***** DATASET EXTRACT

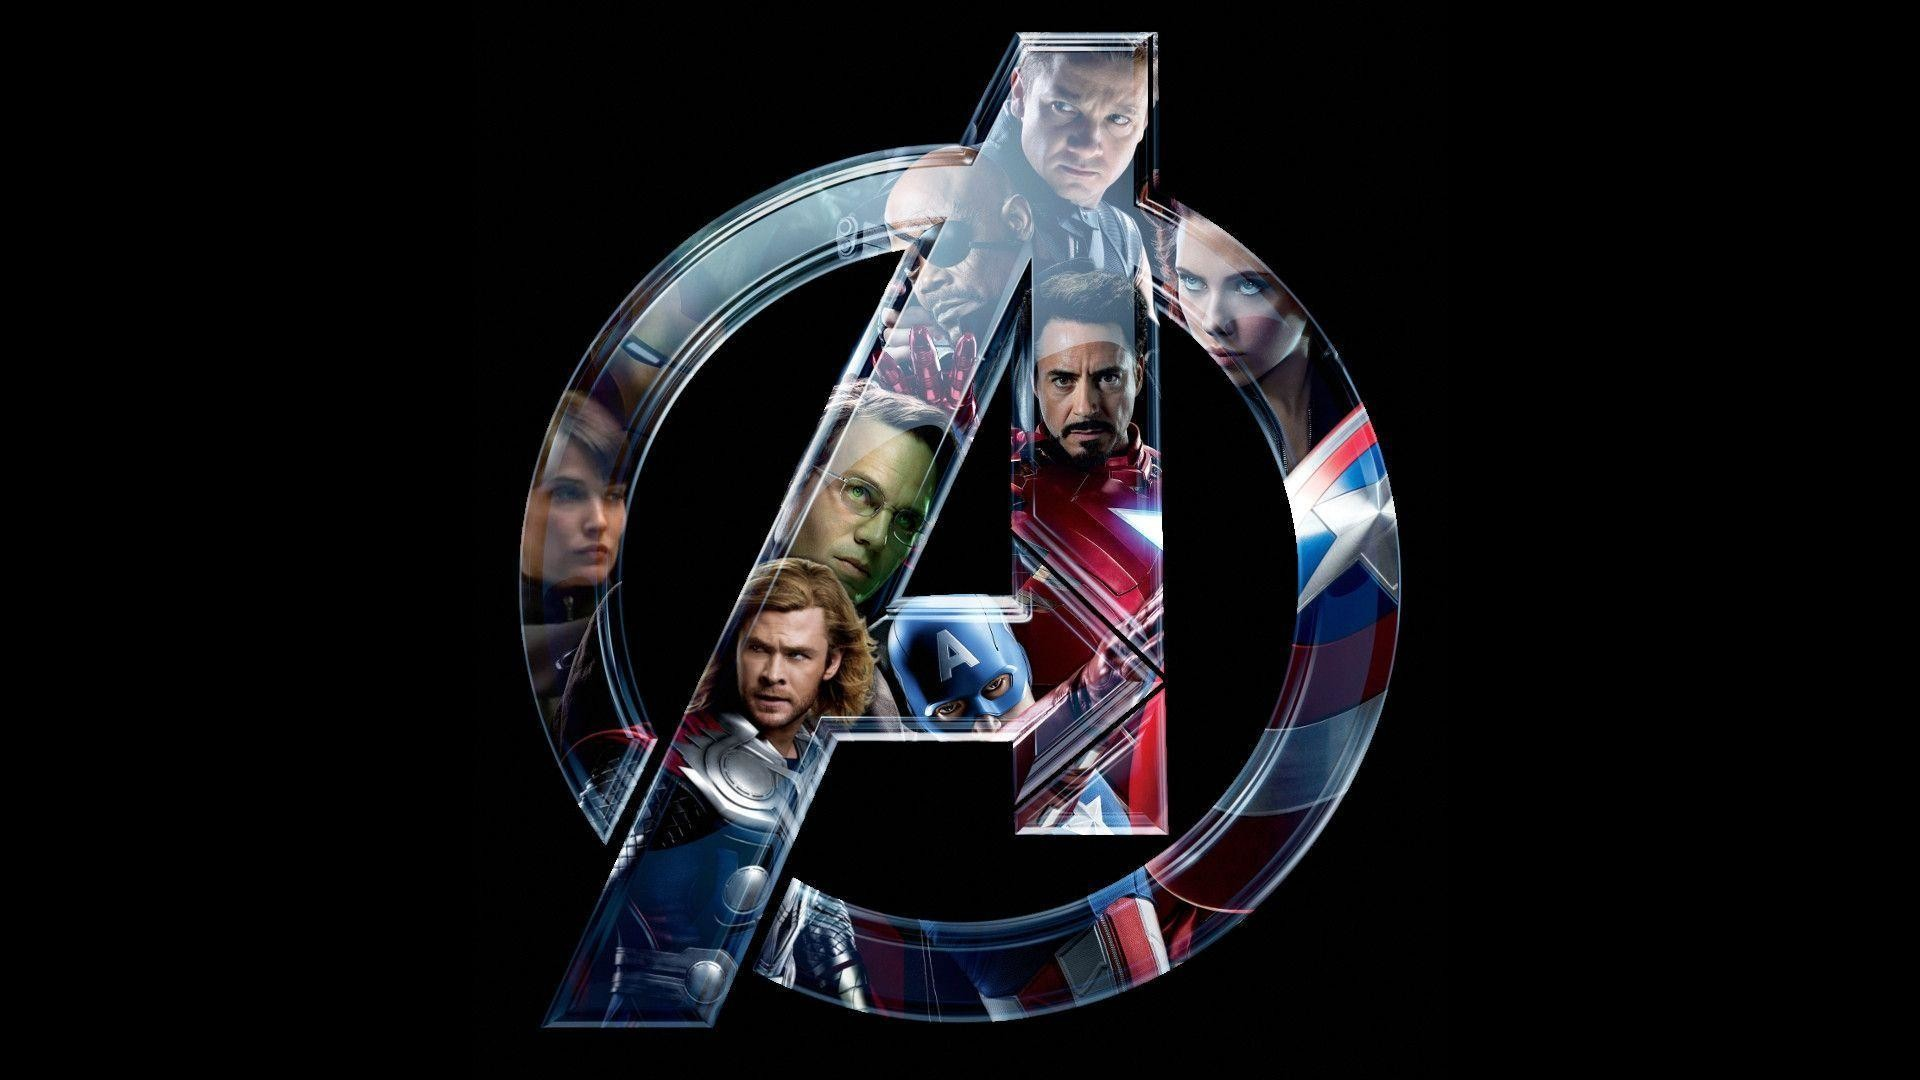 avengers logo cool hd wallpapers | Desktop Backgrounds for Free HD .
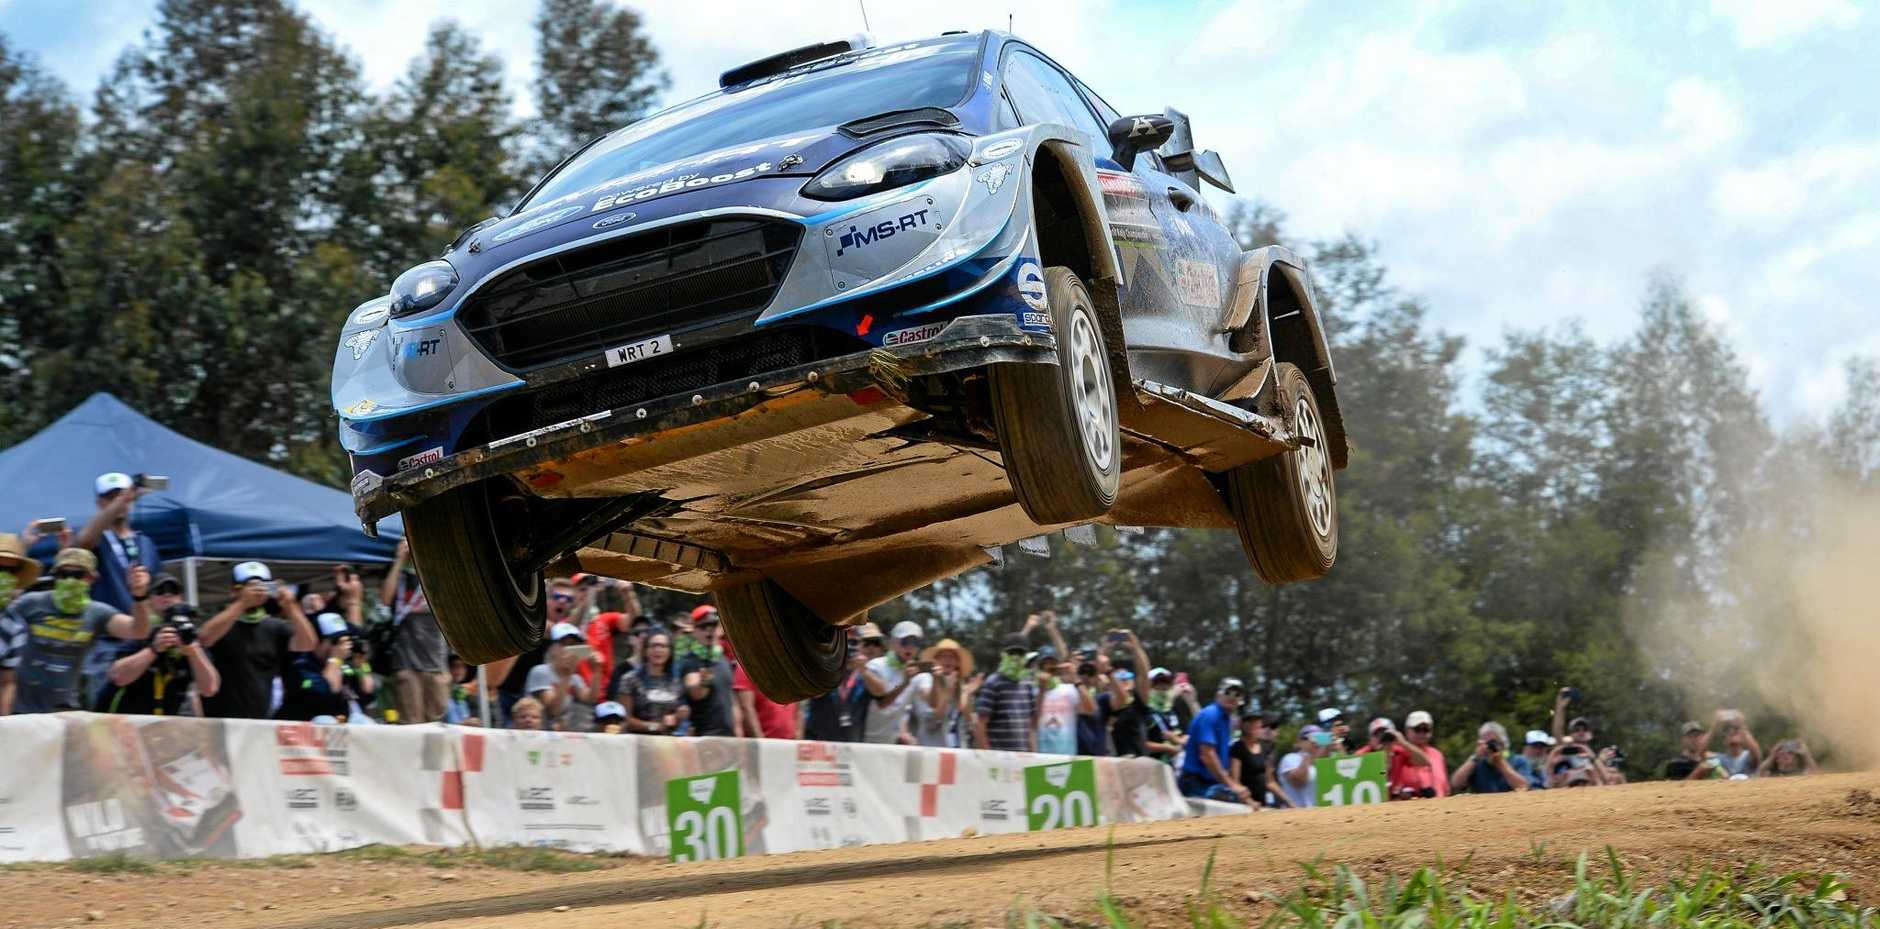 MAKING SPLASH: A bigger jump will thrill spectators on the season-closing Wedding Bells Power Stage.
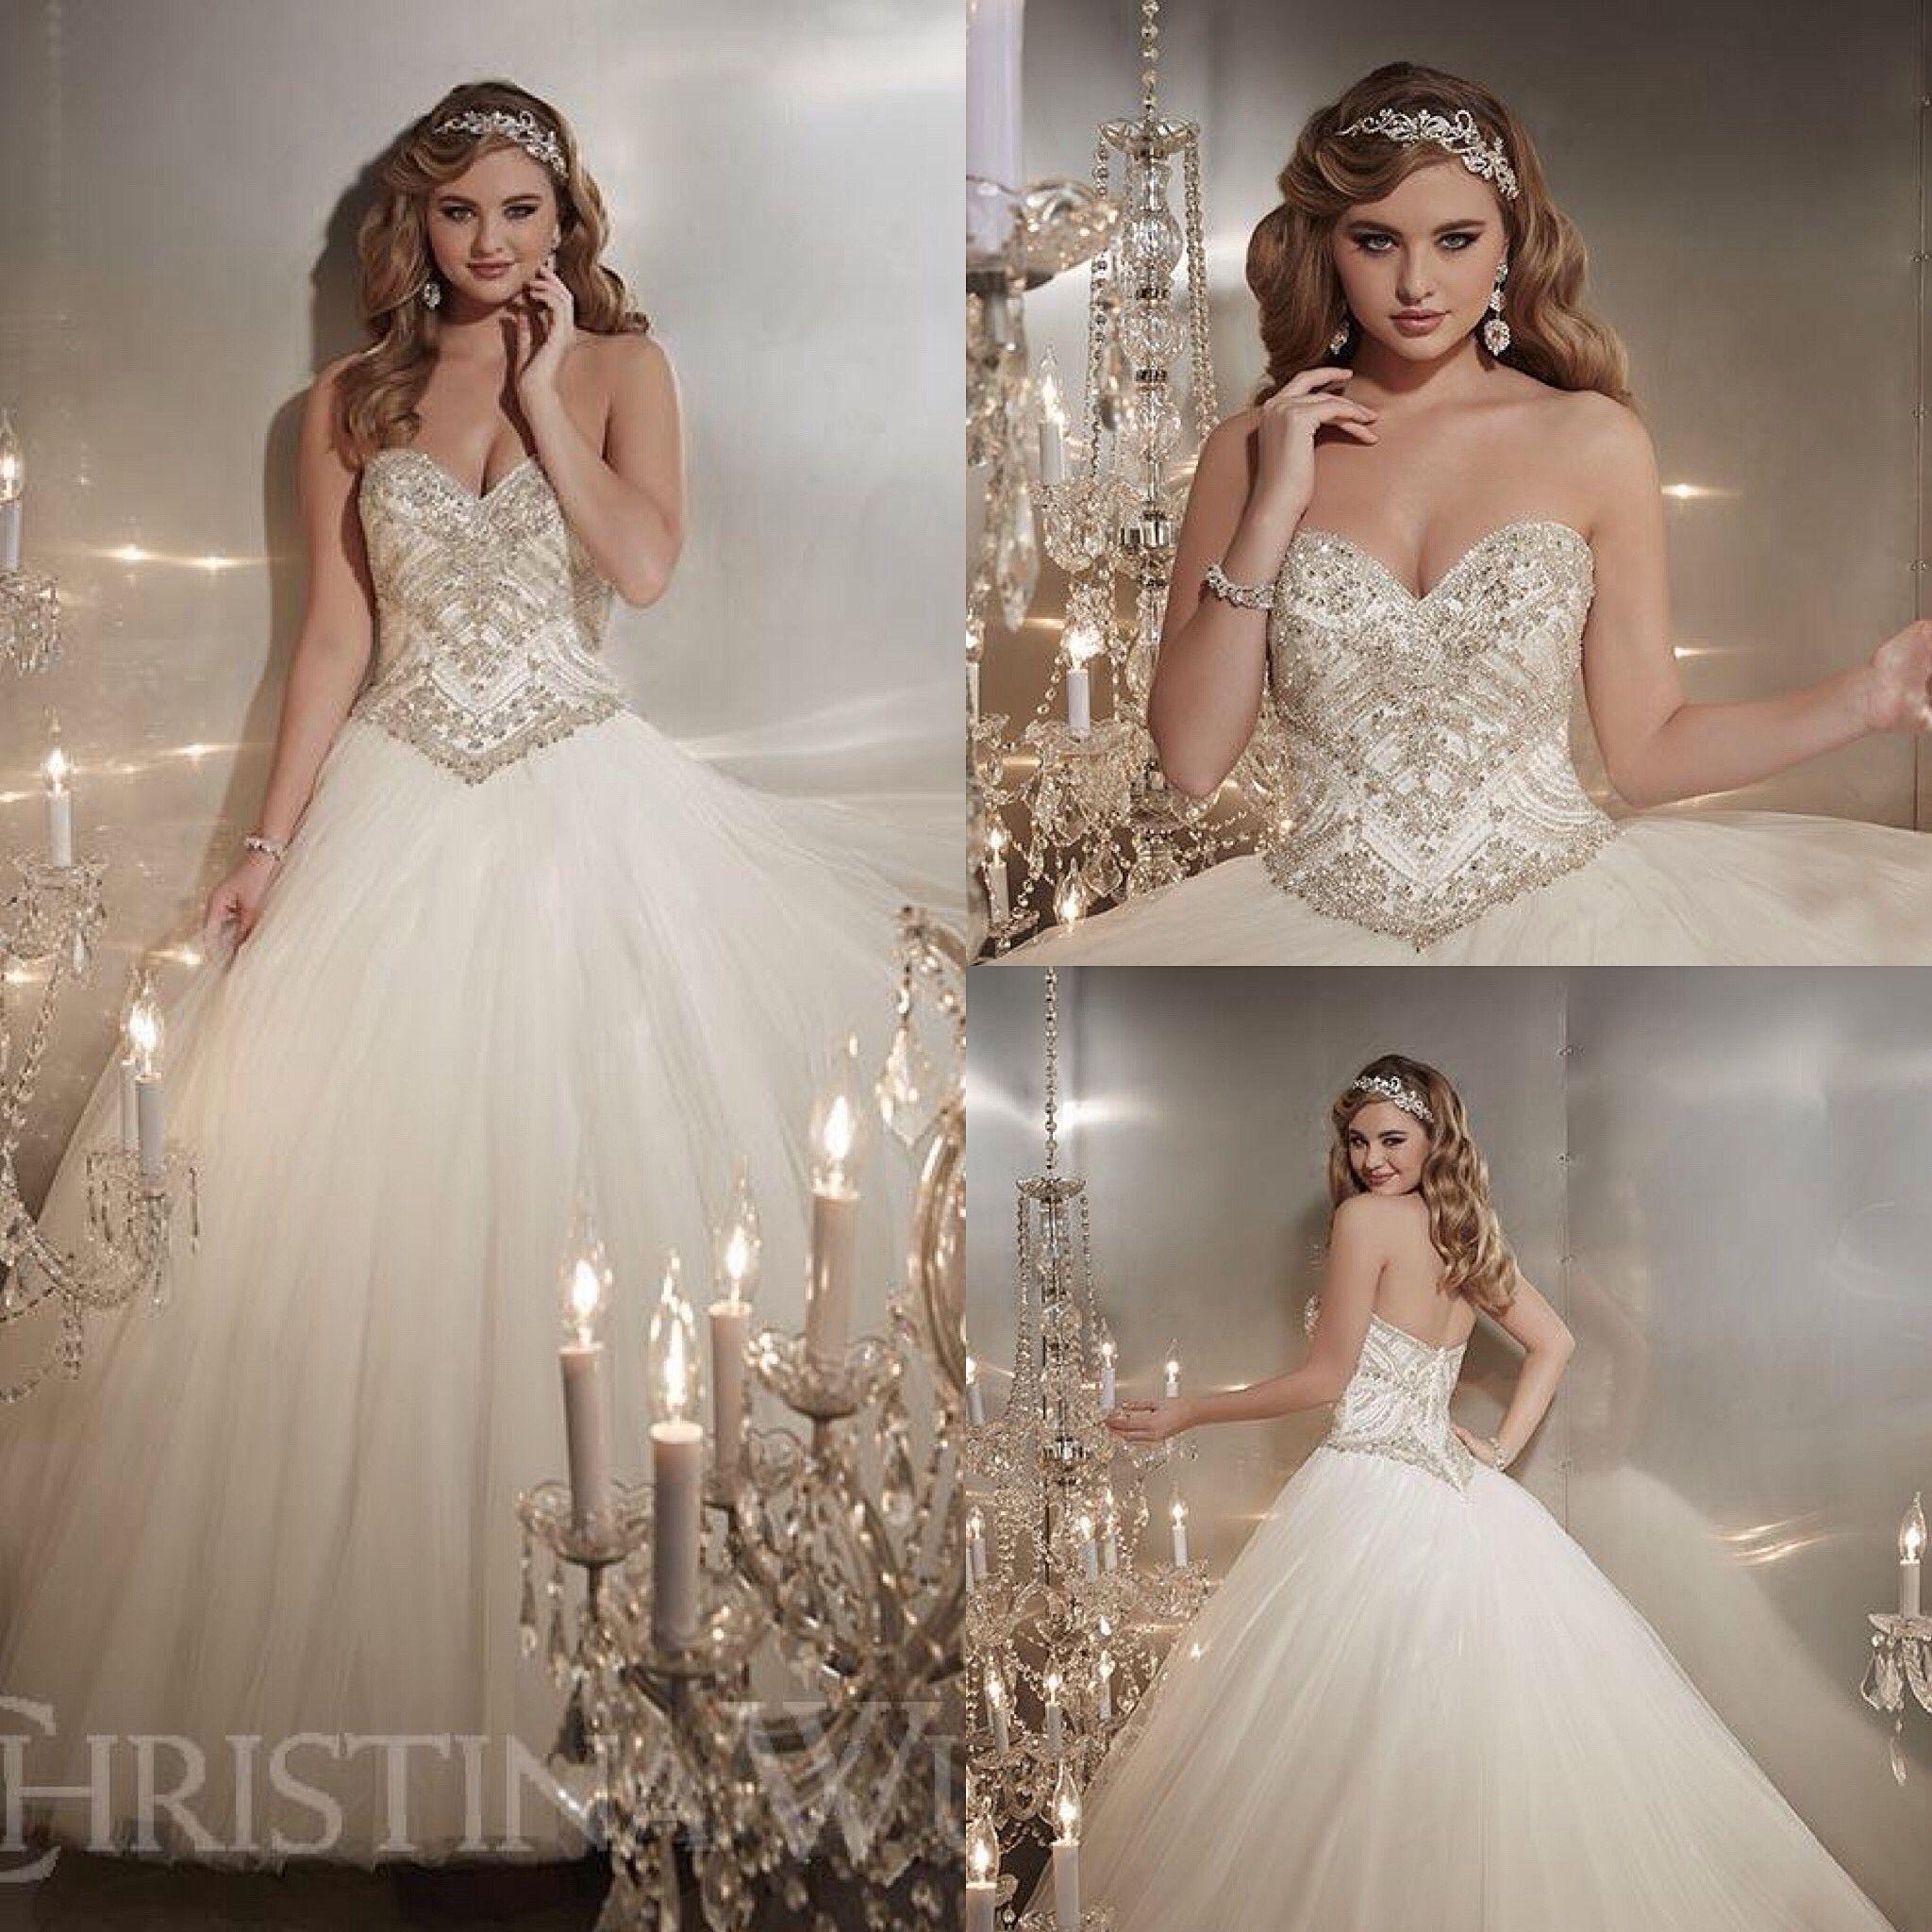 Christina wu wedding dresses  Christina Wu  IvorySilver  Christina Wu Bridal  Pinterest

**********

EXERCISE BRIEF:
The task calls for duplicating the data exactly, with no images kept.

RESULT FOR THIS EXERCISE:
 avengers logo cool hd wallpapers | Desktop Backgrounds for Free HD .
 MAKING SPLASH: A bigger jump will thrill spectators on the season-closing Wedding Bells Power Stage.
 Christina wu wedding dresses  Christina Wu  IvorySilver  Christina Wu Bridal  Pinterest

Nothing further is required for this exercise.